Wrap-around eyewear has been developed in an attempt to provide wider fields of view and greater eye protection. Wrap-around design also permits different and sometimes striking overall styles for the eyewear. However, wrap-around eyewear is typically non-prescription. These products also typically have flat base curves between 6 and 10 D. Wrap (and sometimes rake) are achieved by rotating and/or translating the optical axes of the lens in the as worn orientation. See e.g. U.S. Pat. No. 1,741,536 to Rayton; U.S. Pat. No. 5,689,323 to Houston et al. This causes the line of sight of the wearer to deviate from the optical axis, and optical performance is often significantly degraded. Peripheral vision is typically poor.
Early in the history of ophthalmic science, steeply curved prescription lenses had been described, although not as vehicles for providing greater field of view or eye protection. A relationship between curvature and through power is shown in the so-called “Tscherning's” ellipse. First described nearly 100 years ago, it attempts to identify combinations of lens curvature and lens power which have minimum abberation. The general form of the Tscherning ellipse is shown in FIG. 1. FIG. 1 is given for assumed typical values for lens parameters such as index of refraction, vertex distance, lens thickness, etc. The Tscherning ellipse retains its ellipsoid shape and inclined orientation for various assumed values of lens parameters, while the precise location of points on the ellipse may change. The ellipse of FIG. 1 is derived from the corrected von Rohr equation (after Morgan) solved for point-focal (zero astigmatism) distance vision.
The lower portion 10 of the ellipse is the so-called “Ostwalt section” which describes a selection of relatively flat front surfaces for lens powers typically used in conventional prescription ophthalmic lenses. The upper portion 12 of the curve, called the “Wollaston section”, describes much more steeply curved lenses which have never gained acceptance as lens forms, although there are historical instances of attempts to make such objects (e.g. Wollaston himself). See, M. Jalie, The Principles of Ophthalmic Lenses p. 464 (4th Ed. London, 1994). Because of difficulties in fabrication, such early lenses were probably of small aperture and, consequently, perhaps, regarded as unacceptable for cosmetic reasons and because of their limited field of view.

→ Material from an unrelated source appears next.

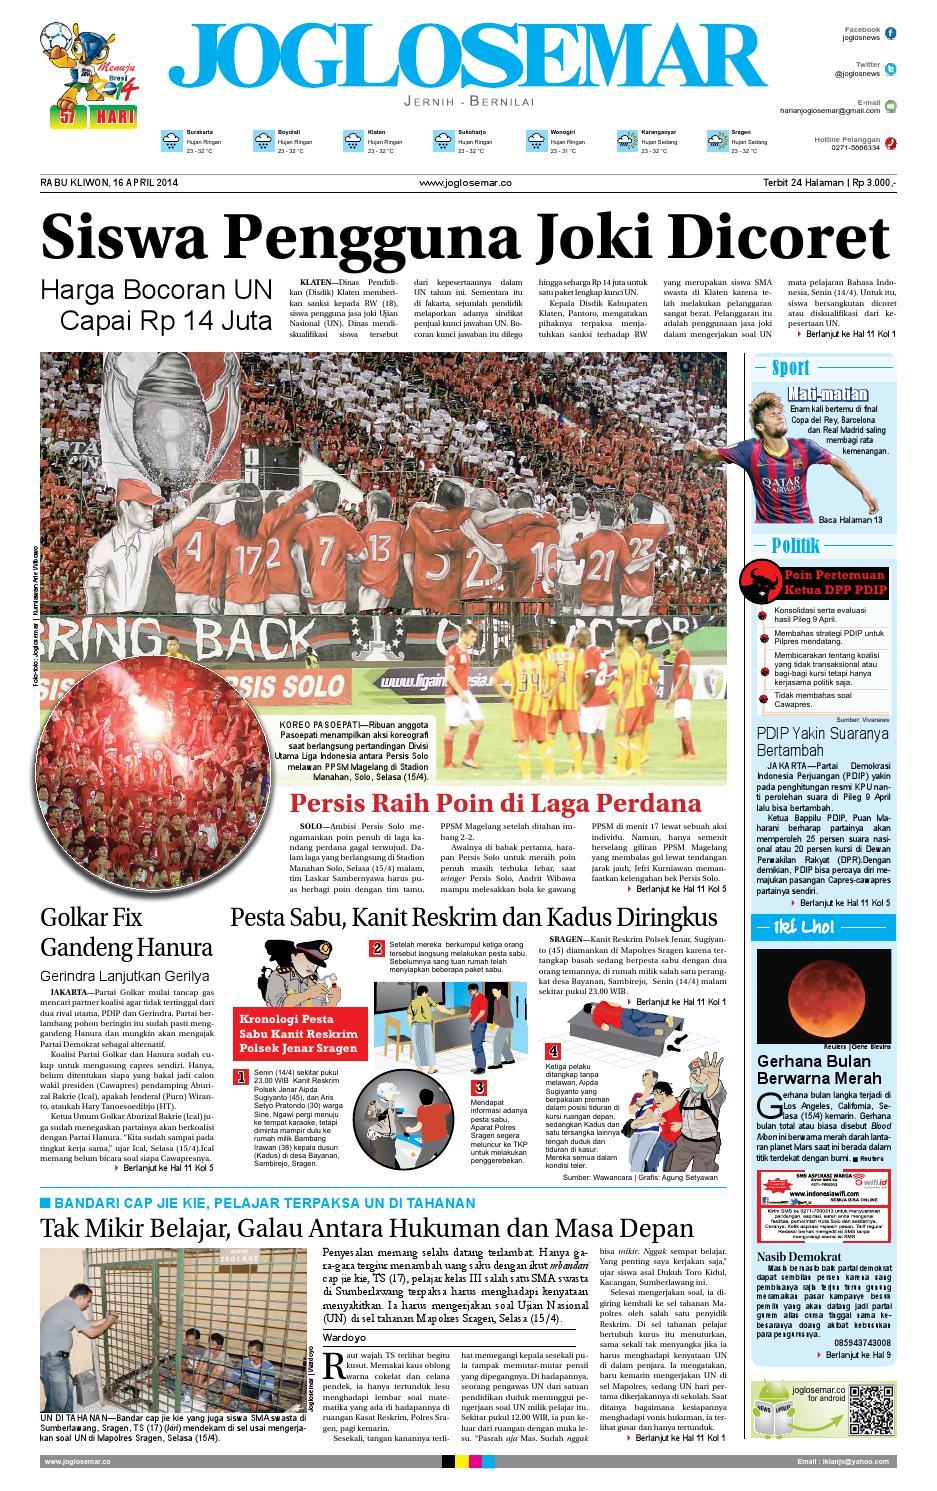 Epaper edisi 16 april 2014 by PT Joglosemar Prima Media - issuu 0a9f3fabf5

Modern lenses with steeply curved front spherical surfaces have been made for the treatment of aphakia (absence of the natural lens of the eye as in the case of surgical removal of the lens). The general form of these lenses is shown in FIG. 2. See M. Jalie at p. 151. Such lenses serve essentially as an eye lens replacement and are characterized by great thickness and high plus power (greater than +5 D and typically +12 D or greater). The aperture A of these lenses are of small size e.g. 26 or 28 mm in diameter. Typically such aphakic lenses have a plano radial flange 14.
Today, the vast majority of conventional prescription lenses are relatively flat, single vision, Ostwalt section, miniscus lenses which are glazed like window panes into flat outline spectacle frames.
Conventional Ostwalt section eyewear is sometimes covered, treated or coated to provide specific reflective or anti-reflective properties. Most familiar are sunglasses which provided with coatings for selectively blocking portions of the incident light spectra. Some such lenses are designed to create pleasing colors to an observer by selective selection or absorption of incident spectral wavelengths. Such coating may involve metallic mirror layers and/or stacks of vacuum evaporated or sputter coated metal oxides. For example, coating for sunglasses are disclosed in U.S. Pat. No. 2,758,510 to Aüwärter. As another example, certain multi-layer antireflection coatings are disclosed in U.S. Pat. No. 4,070,097 to Geller. See also U.S. Pat. Nos. 5,719,705 and 5,959,518. Conventional Ostwalt section lens are also sometimes specially coated to protect the wearer from intense ultraviolet or infrared radiation, or from laser beams.